Time to overhaul the social safety net programme
It is disconcerting to see how our social safety net is failing to provide timely and meaningful relief to the disadvantaged groups at a time when the prices of essential goods have skyrocketed, making them more vulnerable. As several recent reports show, the safety net continues to overpromise and underdeliver, as the current model spreads insufficient funds across too many small, often overlapping programmes (140 in total), with nearly half of the budget directed to pensions for government employees and interest payments on savings certificates. That leaves actual beneficiaries with little support.
A look at the social welfare ministry data reveals how inadequate it is. For example, the monthly allowances for widows, the elderly and persons with disabilities—who rank among the most vulnerable in our society—are Tk 550, Tk 600 and Tk 850, respectively.
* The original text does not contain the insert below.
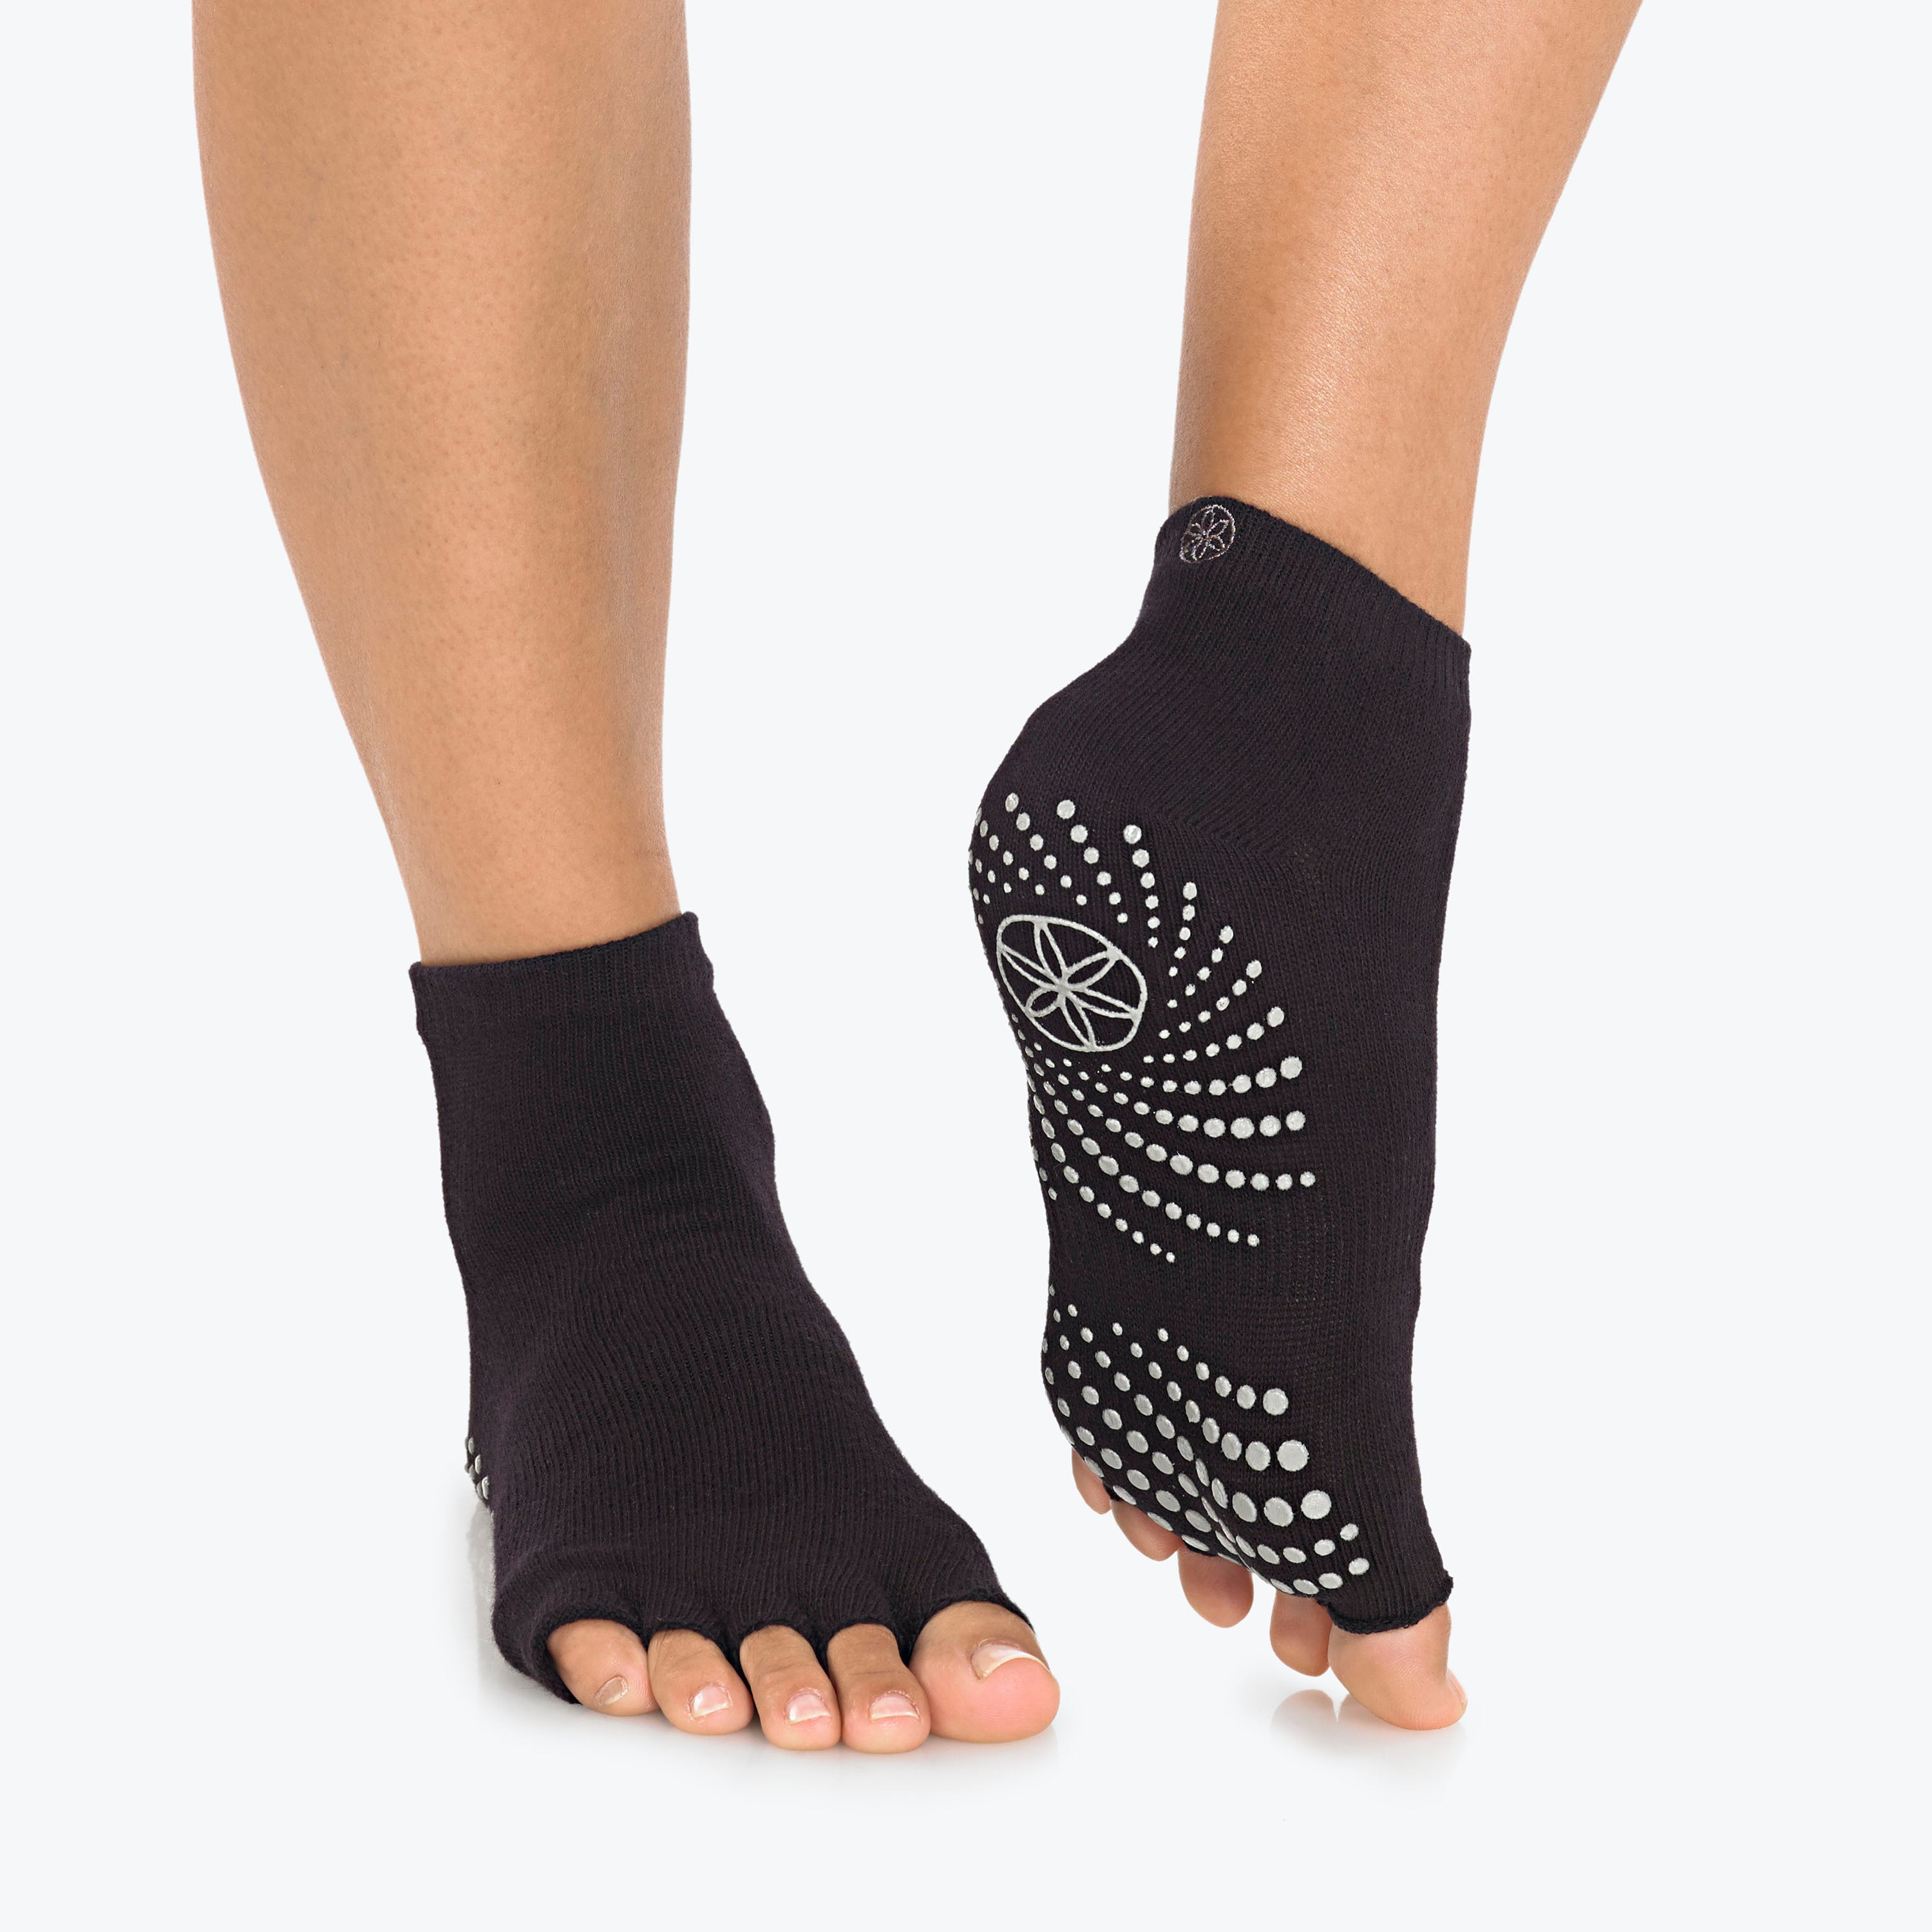 Yoga Toeless Socks Five Toes Non Slip Non Skid Sticky Grip Sock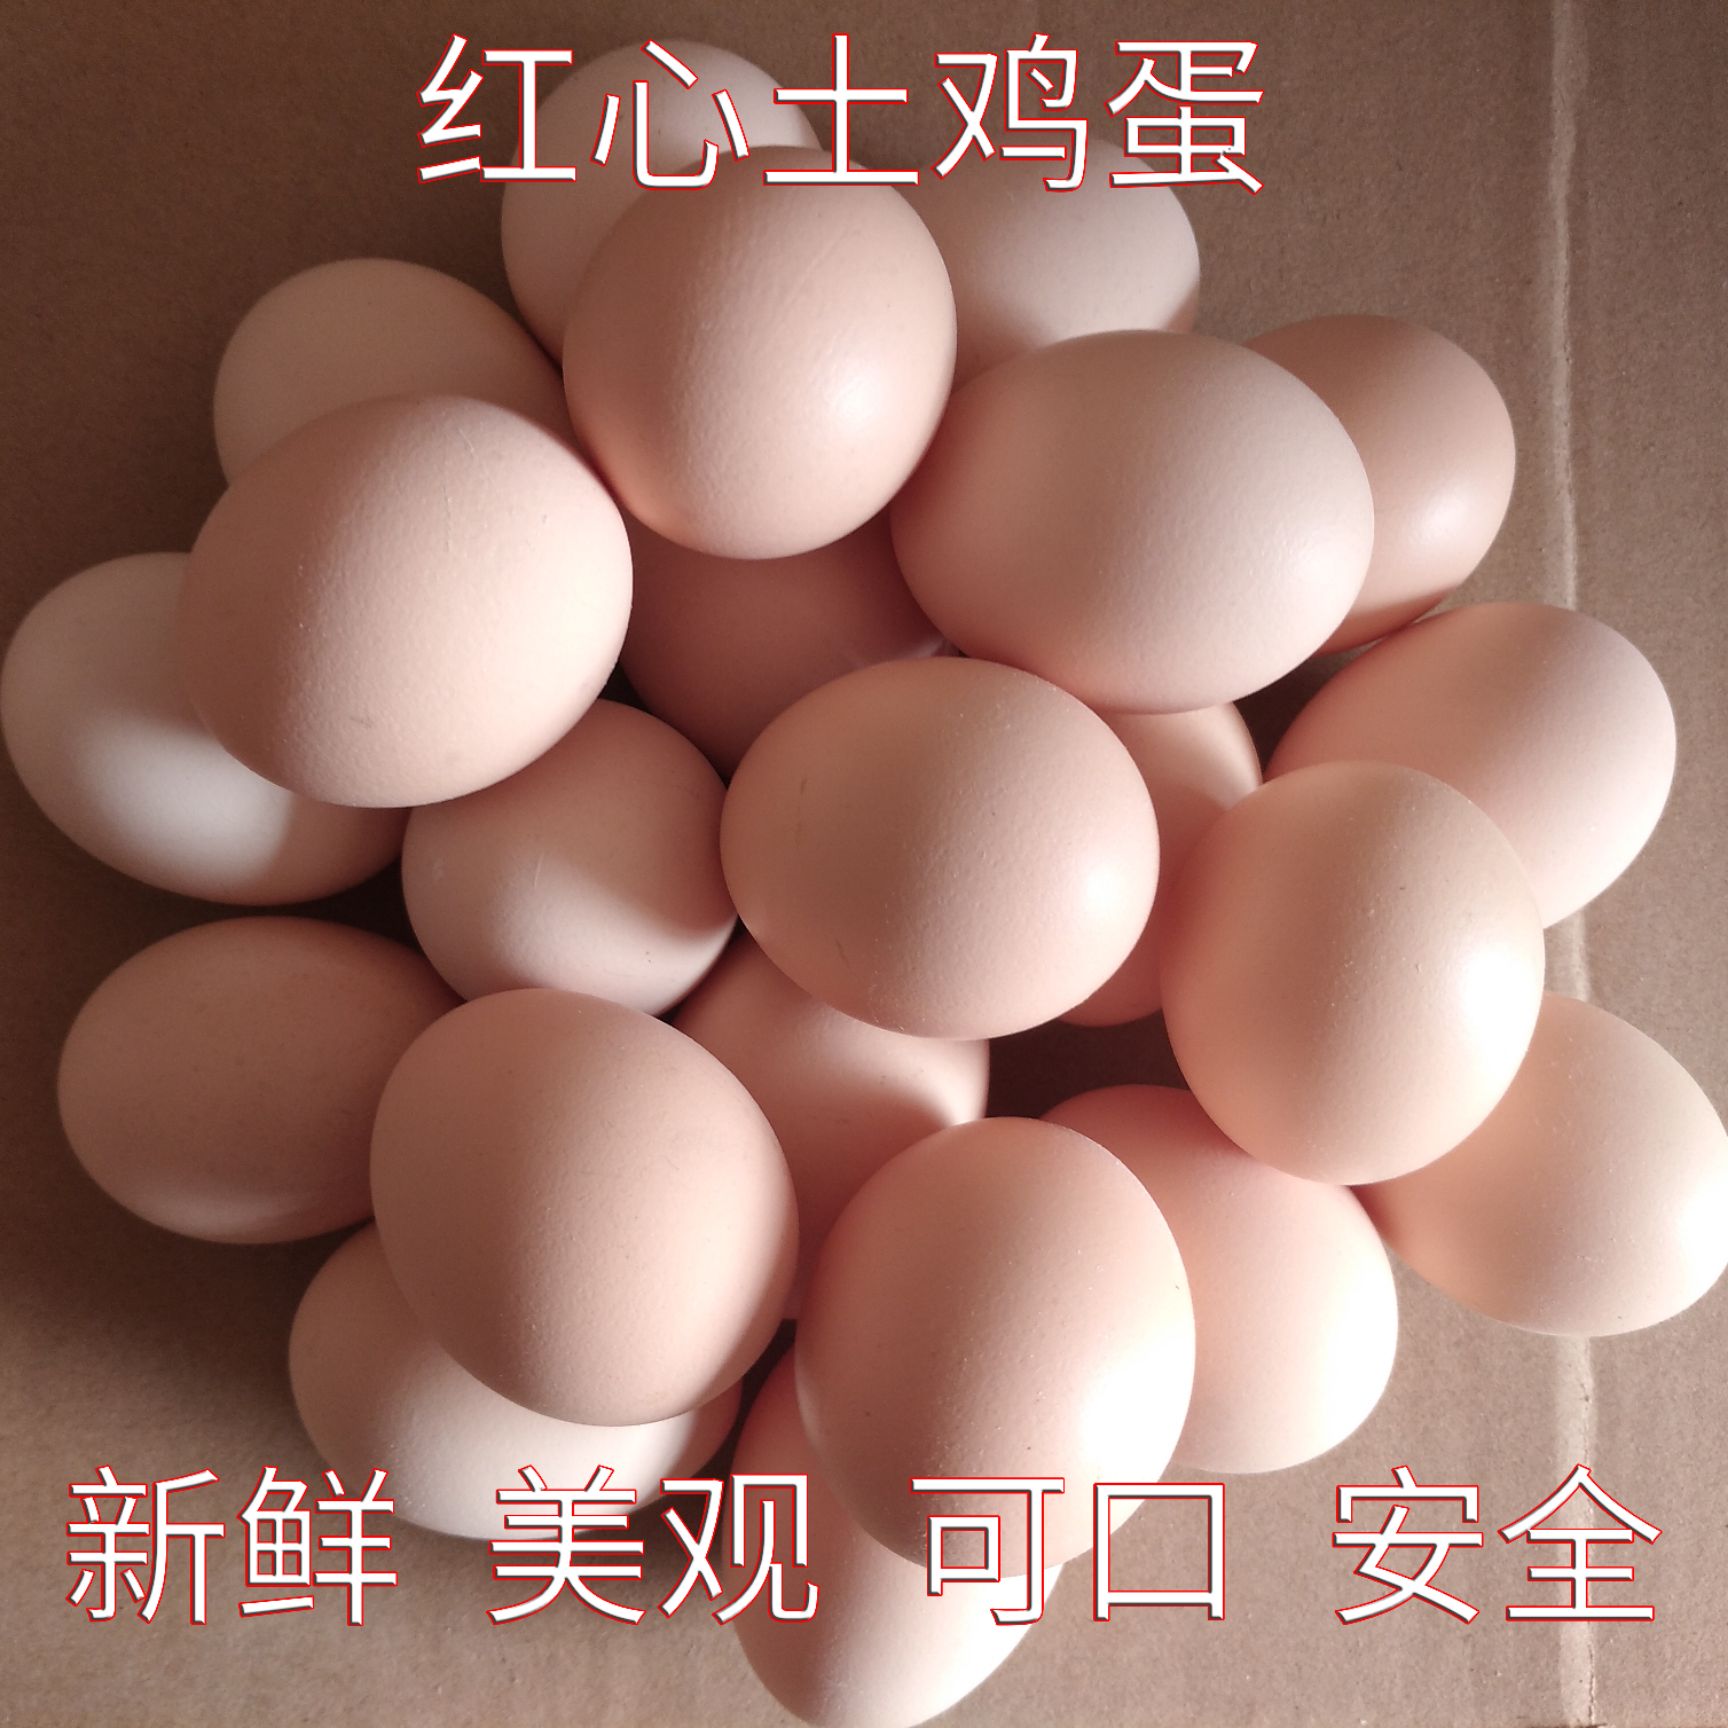 进贤县普通鸡蛋  土鸡蛋粉壳红心乡下自产现产现发新鲜土鸡蛋

There has been only a negligible increase in the amounts over the decades despite a steep rise in inflation during this period, with a Centre for Policy Dialogue (CPD) analysis of the prices of 34 essential food items showing a hike by up to 310 percent between January 1, 2019 and May 19, 2024. Given this reality, the paltry sum given to the beneficiaries amounts to little more than symbolic support.
According to official data, 18.7 percent of the country's population, or 3.17 crore people, are poor, while 5.6 percent, or 95 lakh people, are extremely poor. The social safety net is supposed to provide a cushion to these groups, but it can't, primarily because of the insufficient allocations. The system is also plagued by selection errors, with many ineligible individuals benefiting at the expense of the poor. Last year, a CPD study found that an estimated 33 lakh elderly people and 25 lakh widows eligible for assistance were not listed. Even though the interim government sought to update the beneficiary lists to address these issues, the drive has reportedly hit a snag because of the absence of many local public representatives.
As a result, over 1.21 crore beneficiaries have yet to receive cash allowances for the first quarter (July-September) of the ongoing fiscal year. Moreover, according to a report in this daily, food distribution under various schemes also fell by 14 percent year-on-year, mainly due to reduced grain transfers under the Food for Work (FFW) and Food Friendly Programme (FFP).
Clearly, the social safety net is not working as expected. Under the current circumstances, there is no alternative to expanding its coverage through sufficient allocations and ensuring the inclusion of all eligible beneficiaries. But as experts say, this alone is not enough since providing cash or food support, while vital for the time being, perpetuates dependence without offering a sustainable solution to poverty. For that, the government must overhaul the entire system of social support. Rather than fixating on scattered allowances, it should implement comprehensive rehabilitation programmes aimed at lifting the poor out of poverty.